IMPORTANT: Nanopore reads can have up to ~10% error rate and sporadic mapping to some references can occur at the read level, particularly when sequencing at great depth. When looking at the output read counts in the piranha report, this must be interpreted with caution and awareness of the underlying noise in the data. For example, low numbers of reads may map to WPV2 or WPV3 as they are present in the default database. This DOES NOT mean that WPV2 or WPV3 is present in your sample. Hits with greater than the minimun read count are highlighted in the report in the sample composition table (Table 2). If the read count passes the minimum thresholds (number of reads and percentage of sample) the reads will be taken forward for consensus building. It is only possible at the consensus level to get an accurate picture of that read population in your sample.

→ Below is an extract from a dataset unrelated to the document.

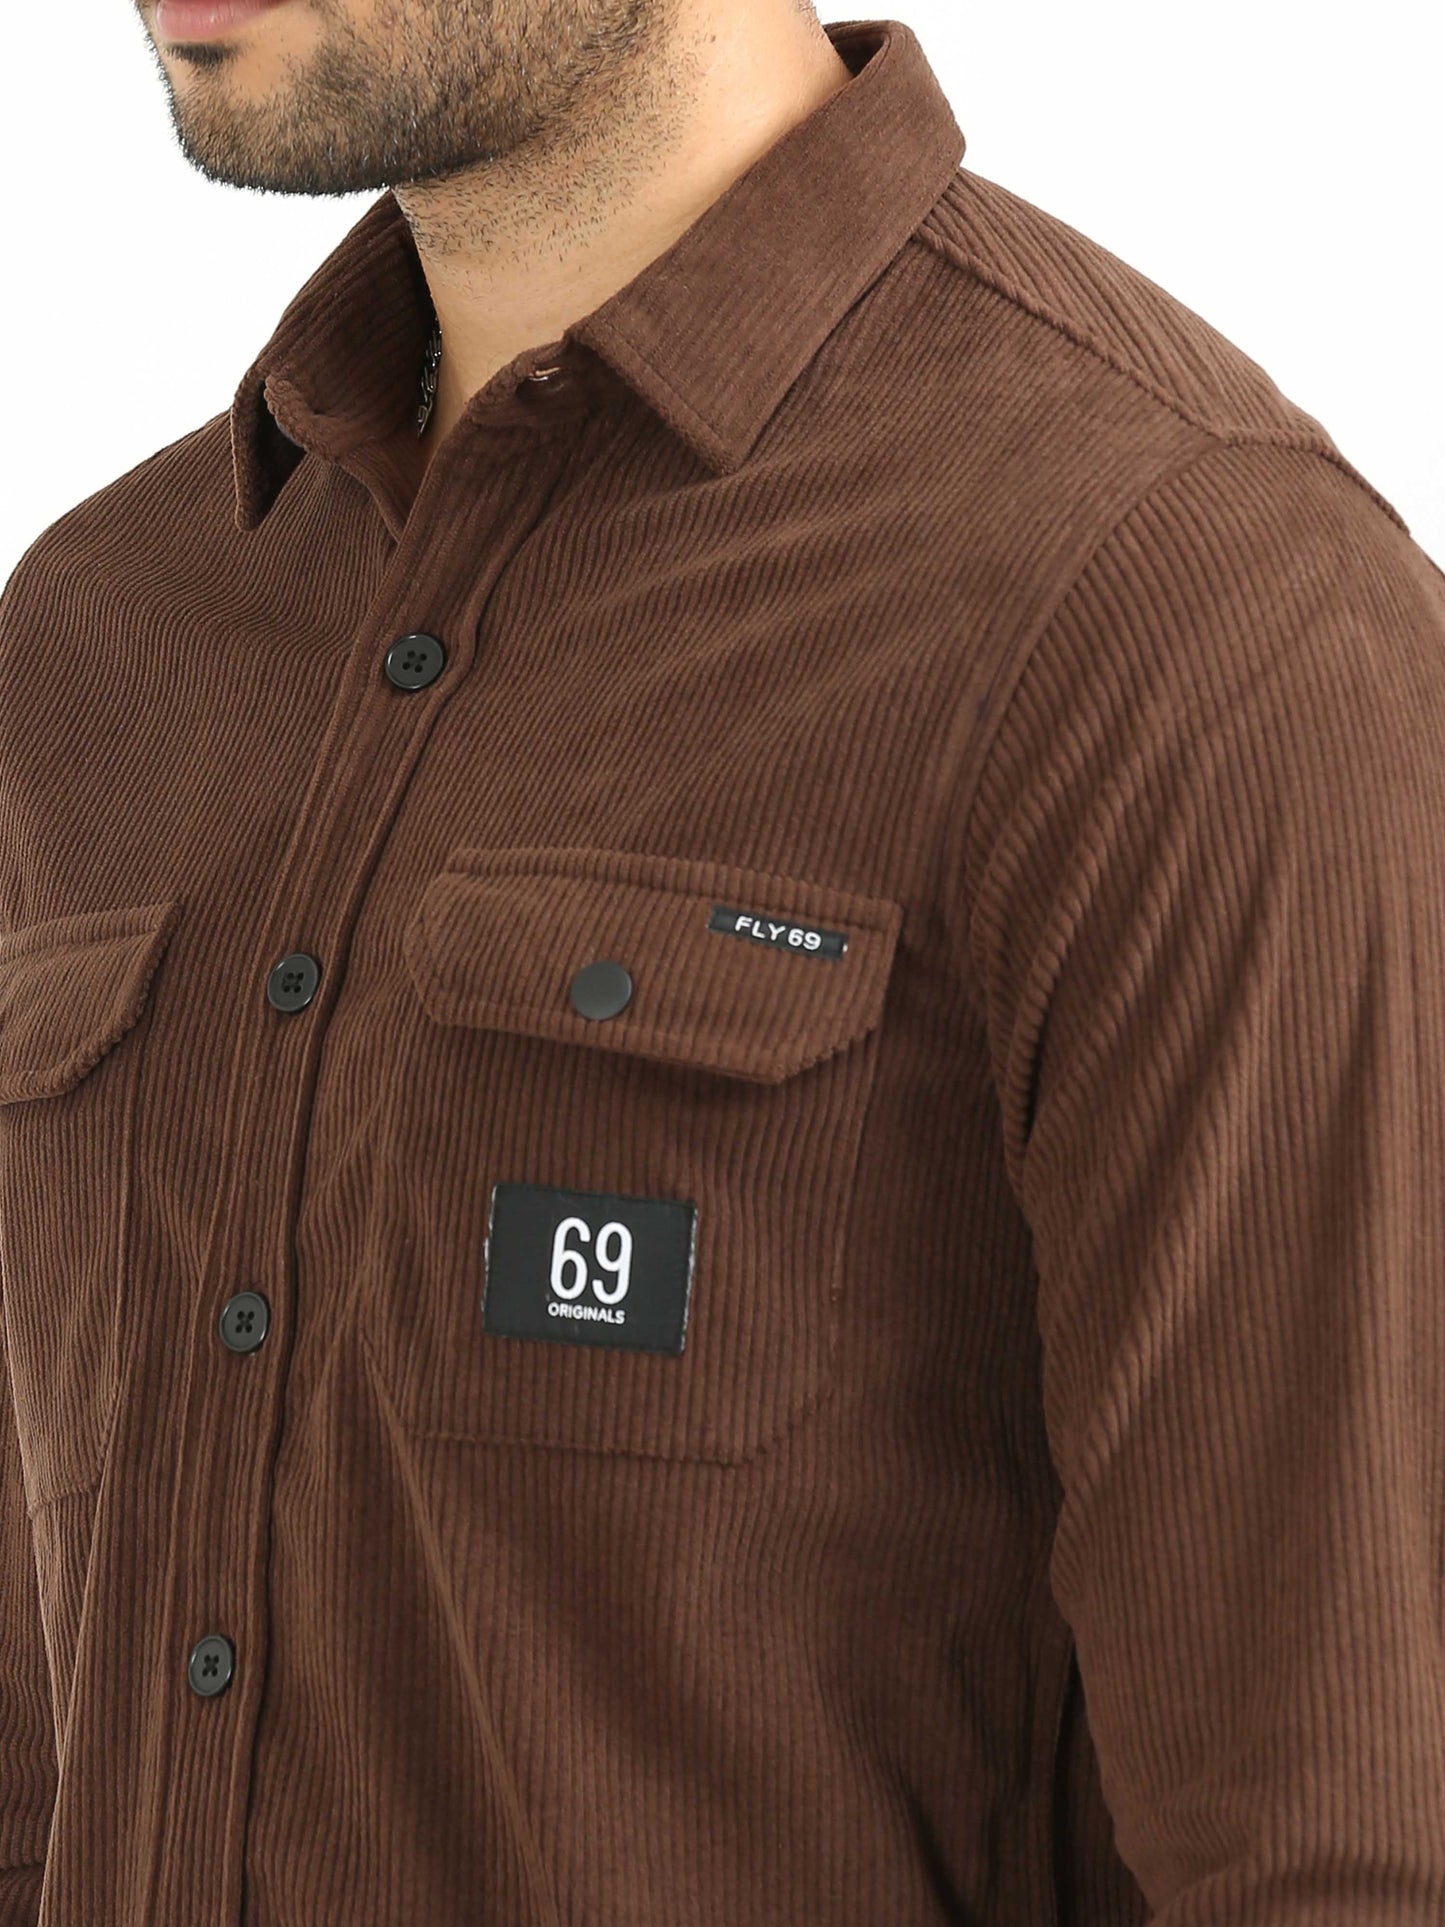 Walnut Brown Corduroy Shirt

There are a number of default thresholds applied, which can be overwritten depending on your purposes.
-n,--min-read-length
-x, --max-read-length
The default read length range filters accepts reads between 1000 and 1300 nucleotide bases in length.
-d, --min-read-depth
-p, --min-read-pcent
These parameters set the minimum number of reads hitting a particular reference in the reference file (and the minimum percentage of reads within the sample) that are necessary to create a binned read group and attempt to make a consensus sequence for that particular sample. By default a minimum of 50 reads are necessary to build a consensus sequence and a minimum of 10% of the sample is required to be represented by that particular reference before it will attempt to create a consensus for this.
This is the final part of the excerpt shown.